I put in a couple of fennel plants.  This is so silly.  when I lived in Florida, I once picked up a couple of something near dead fennel plants at a nursery.  I don't think I paid for them, they were that dead.  I stuck them in a mostly shady area of my square-foot garden.  One day a friend who is an excellent chef (never been pro, but did own a gourmet grocery store for a few years) called me and asked me if the Publix near me might have some fennel root, since I lived in a more 'upscale' neighborhood than he.  I just started laughing (he was making dinner for us) and told him I had two beautiful ones in my garden ... and really didn't know how to cook it!  I was afraid to experiment on my own family because too many don't like a licorice flavor.  I got over my (and hubby's) Fear of Fennel, but now when I actually buy a plant (or seeds) it doesn't form a root.  Anyone have any ideas about what I'm doing wrong?  It is a very, very successful herb garden overall.


----------



## ChefJune (Jun 9, 2010)

I think of fennel as as much a vegetable as an herb.  I've never tried to grow it, because I think my planter boxes are not deep enough for the roots. It's so similar to celery.

imho, there's no particular rhyme nor reason to why some plants "take" and some don't, and some plants "take" some years and not others.  Itt's the Garden Devil!


----------



## BreezyCooking (Jun 9, 2010)

Claire - first off, there are two different types of fennel - neither of which forms a "root".

The first "Fennel", which comes in both green & bronze colors, is grown for the stalks & seeds only.  It's used as a flavoring herb.

The second, "Florence Fennel", is grown for the large bulbous stem that forms at the base of the plant just above the soil line.  This is the variety that's grown & used as a vegetable, & the one you frequently see in the markets.

Unfortunately, most nurseries just mark plants as "fennel", without distinguishing type, & nine times out of ten, it is the herb fennel & not the vegetable or "Florence" fennel.  Next time you decide to give it a try, buy from a reputable source & make sure you're getting "Florence" fennel.


----------



## Claire (Jun 10, 2010)

Yeah, I do know it isn't a root.  It is just the best way I know to describe the vegetable.  I didn't, though, realize that there are two types of fennel.  Now I do. Thank you.  I won't bother to buy seed or seedlings now without finding out what I'm buying.  

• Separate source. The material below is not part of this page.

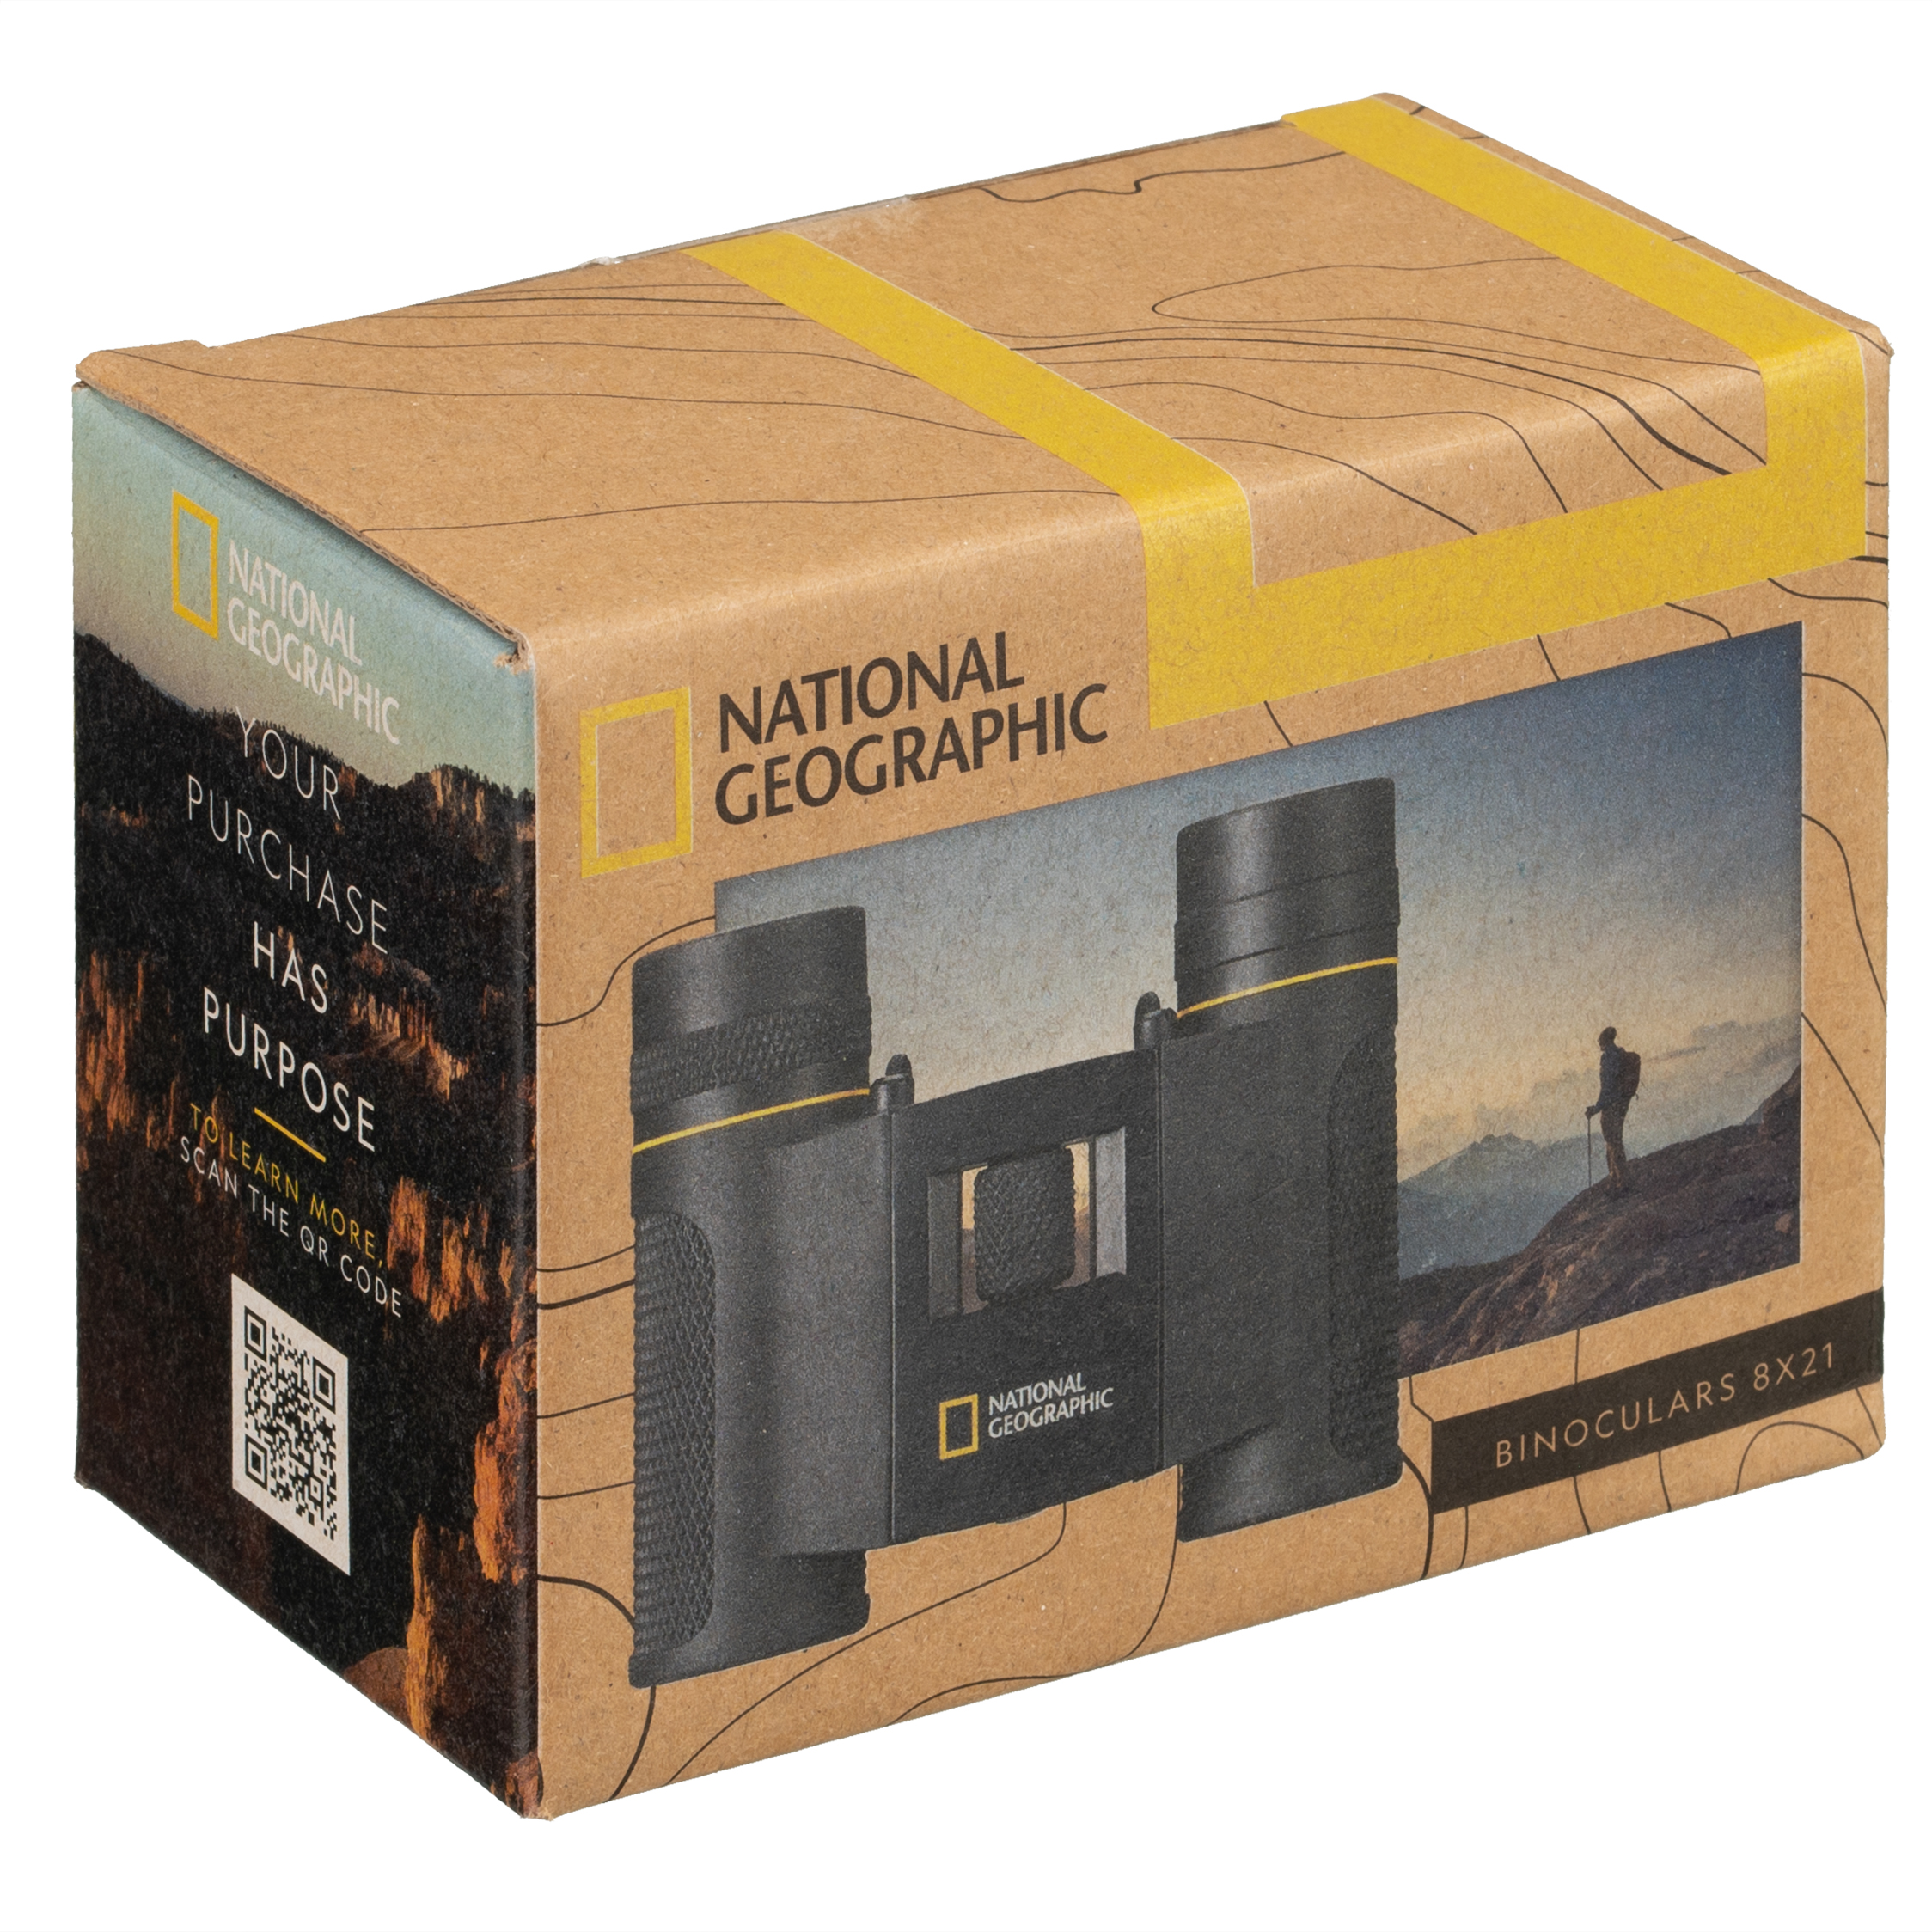 NATIONAL GEOGRAPHIC 8x21 pocket binoculars

Yes, I do know that sometimes gardening is an "aw s**t" proposition.  I've done some degree of gardening in Florida, Hawaii, and Illinois, and window/balcony gardening in Virginia, AND lived in a trailer on the road for 3 years, and had a big pot of herbs.  Some things I thought would never survive thrived.  Some things that should, didn't (I can't grow a squash to save my life, on the other hand, I've thrown cucumbers away by the dozens).


----------



## BreezyCooking (Jun 10, 2010)

I've never grown the bulbing Florence type because I only cook with it occasionally, so I just buy it at the market.

I have grown the herbal type, however, & it's very impressive as a background plant in an herb garden.  Can reach a very regal 5' in height.  The bronze-colored variation is particularly striking.  While I've never harvested the seeds, the foliage makes a nice flavoring stuffing & the stalks make a nice grill "bed" for whole fish & poultry.  

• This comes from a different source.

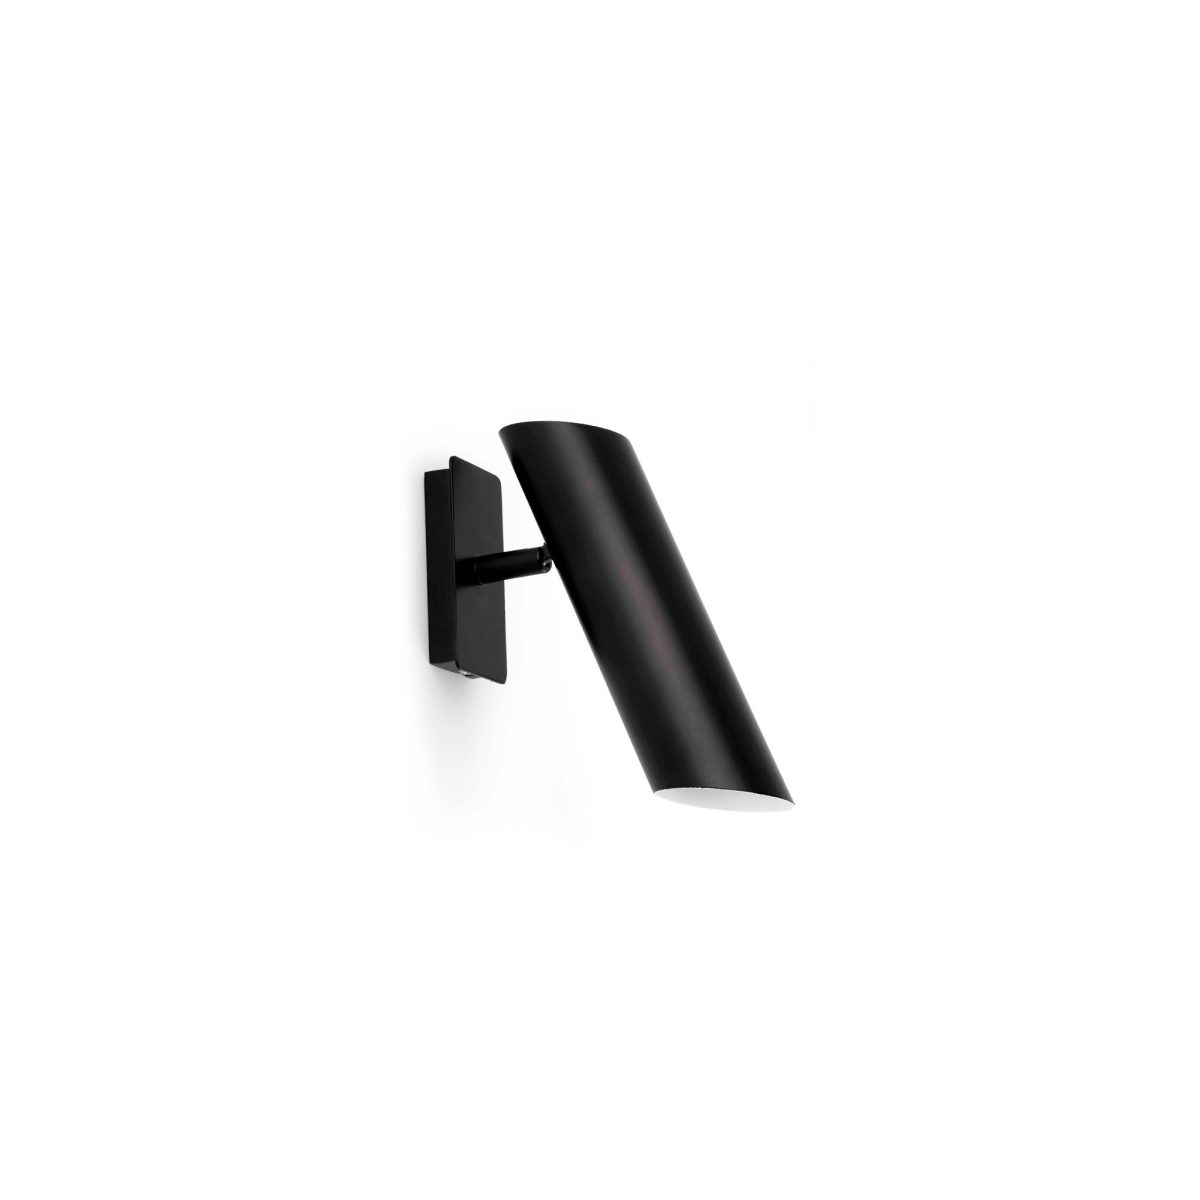 LINK Aplique de Faro. Medidas: L 56 x A 220 x F 180 mm. Color: Negro

The plant is also a hose for Swallowtail butterflies & attracts other beneficial insects to the garden.


----------



## Alix (Jun 10, 2010)

Claire said:


> (I can't grow a squash to save my life, on the other hand, I've thrown cucumbers away by the dozens).



OMG CLAIRE!!! I've killed so many zucchini plants its not funny! I thought I was the only one who couldn't grow them!


----------



## kawarthagal (Jun 18, 2010)

Does anyone know where i could get a progressive herb keeper?Or what is it?
Somewhere on this forum i read about one of these (an older post)
i have a balcony herb garden which is producing well.
(i am in southern Ontario) anyway,any ideas would be appreciated...thanks


----------



## BreezyCooking (Jun 18, 2010)

Not sure what you mean by "progressive herb keeper", but if you mean one of those enclosed containers with water that keep herbs fresh in the fridge, any of the cooking supply companies (Chefs, Cooking.com, etc.) normally carry them.


----------



## Wyogal (Jun 18, 2010)

Amazon.com: Progressive International Herb Keeper: Kitchen & Dining
wow, for only $13 I can get a jar with a lid...
If I have fresh herbs to store, I either wrap them in a moist paper towel and put in a palstic bag (not fully closed), or put some water in a jar.... like flowers in a vase.


----------